A key aspect of any culture is that it is dynamic: Culture continually changes and is influenced both by people's beliefs and the demands of their environment (Lopez & Guarnaccia, 2000). Immigrants from different parts of the world arrive in the United States with their own culture but gradually begin to adapt. The term "acculturation" refers to the socialization process by which minority groups gradually learn and adopt selective elements of the dominant culture. Yet that dominant culture is itself transformed by its interaction with minority groups. And, to make matters more complex, the immigrant group may form its own culture, distinct from both its country of origin and the dominant culture. The Chinatowns of major cities in the United States often exemplify the blending of Chinese traditions and an American context.
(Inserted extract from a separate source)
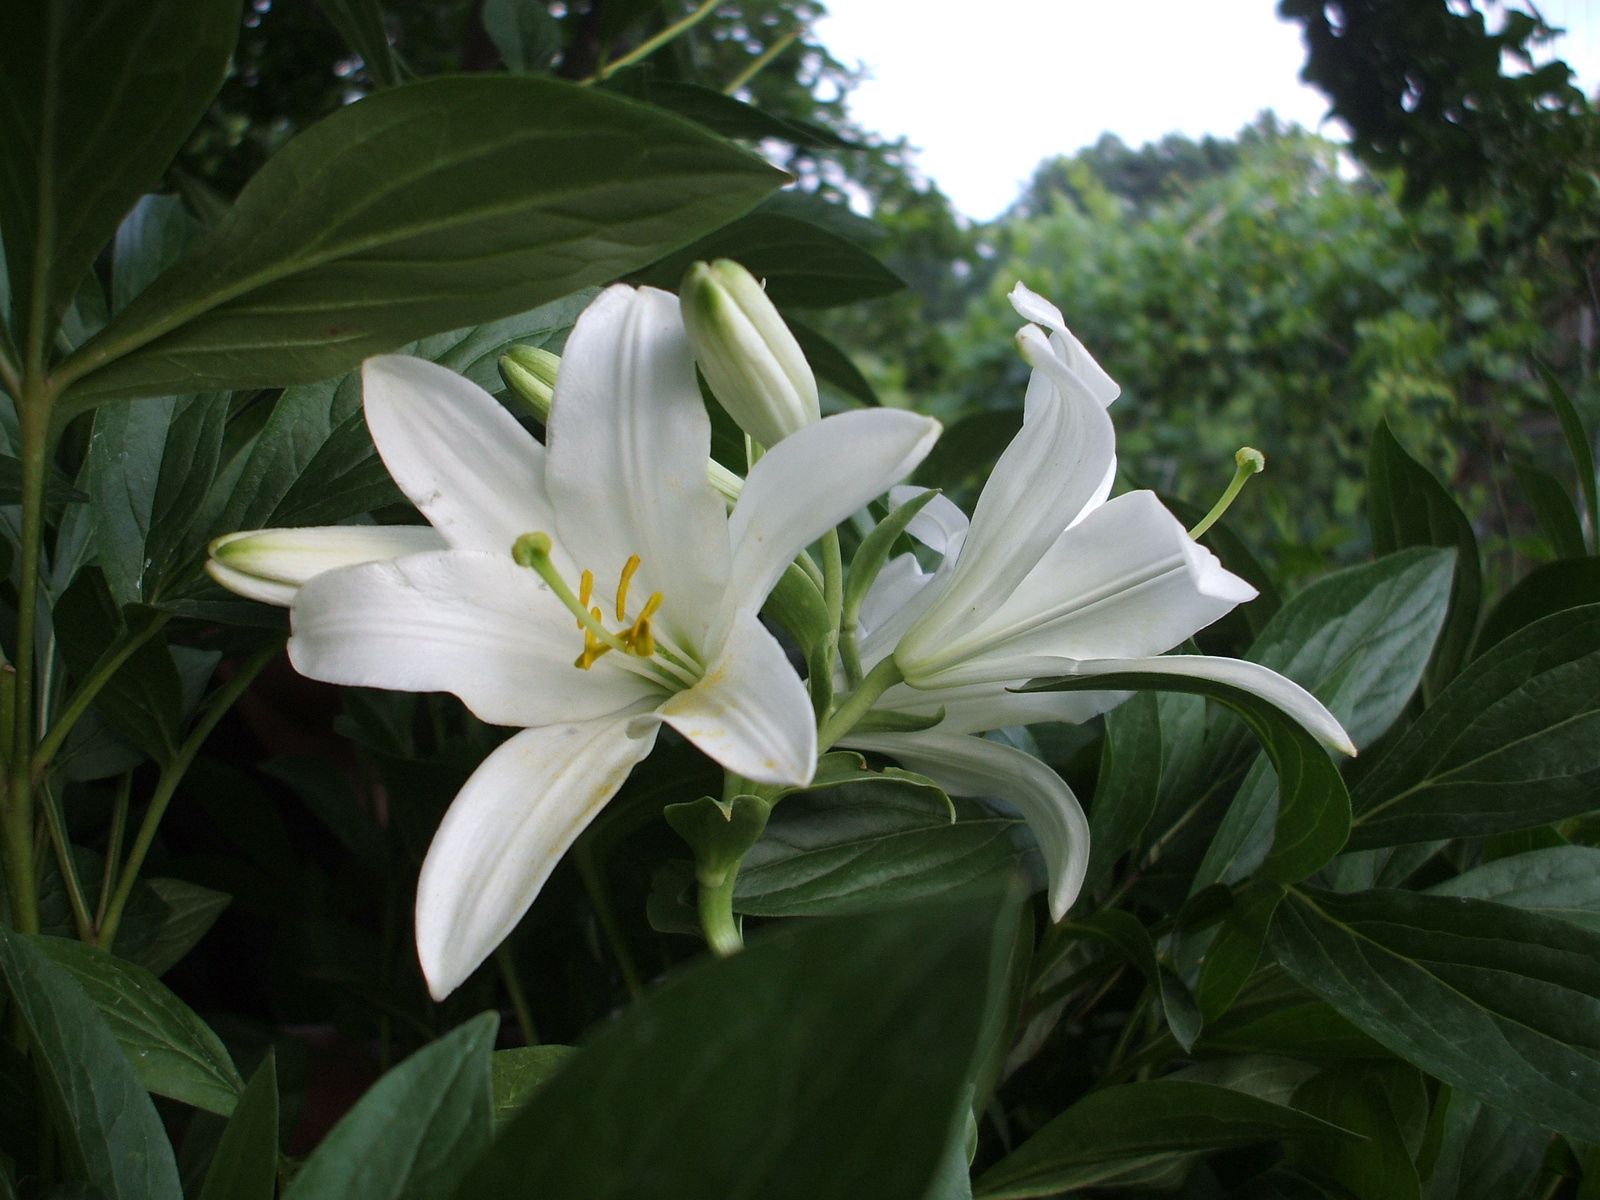 flowers, trees, lilies, white, park, greens, flower bed, flowerbed

The dominant culture for much of U.S. history has centered on the beliefs, norms, and values of white Americans of Judeo-Christian origin, but today's America is much more multicultural in character. Still, its societal institutions, including those that educate and train mental health professionals, have been shaped by white American culture and, in a broader characterization, Western culture. That cultural legacy has left its imprint on how mental health professionals respond to patients in all facets of care, beginning with their very first encounter, the diagnostic interview.

Diagnosis and Culture

Western medicine has become a cornerstone of health worldwide because it is based on evidence from scientific research. A hallmark of Western medicine is its reliance on accurate diagnosis, the identification and classification of disease. An accurate diagnosis dictates the type of treatment and supportive care, and it sheds light on prognosis and course of illness. The diagnosis of a mental disorder is arguably more difficult than diagnoses in other areas of medicine and health because there are usually no definitive lesions (pathological abnormalities) or laboratory tests. Rather, a diagnosis depends on a pattern, or clustering, of symptoms (i.e., subjective complaints), observable signs, and behavior associated with distress or disability. Disability is impairment in one or more areas of functioning at home, work, school, or in the community (American Psychiatric Association [APA], 1994).

The formal diagnosis of a mental disorder is made by a clinician and hinges upon three components: a patient's description of the nature, intensity, and duration of symptoms; signs from a mental status examination; and a clinician's observation and interpretation of the patient's behavior, including functional impairment. The final diagnosis rests on the clinician's judgment about whether the patient's signs, symptom patterns, and impairments of functioning meet the criteria for a given diagnosis. The American Psychiatric Association sets forth those diagnostic criteria in a standard manual known as the Diagnostic and Statistical Manual of Mental Disorders. This is the most widely used classification system, both nationally and internationally, for teaching, research, and clinical practice (Maser et al., 1991).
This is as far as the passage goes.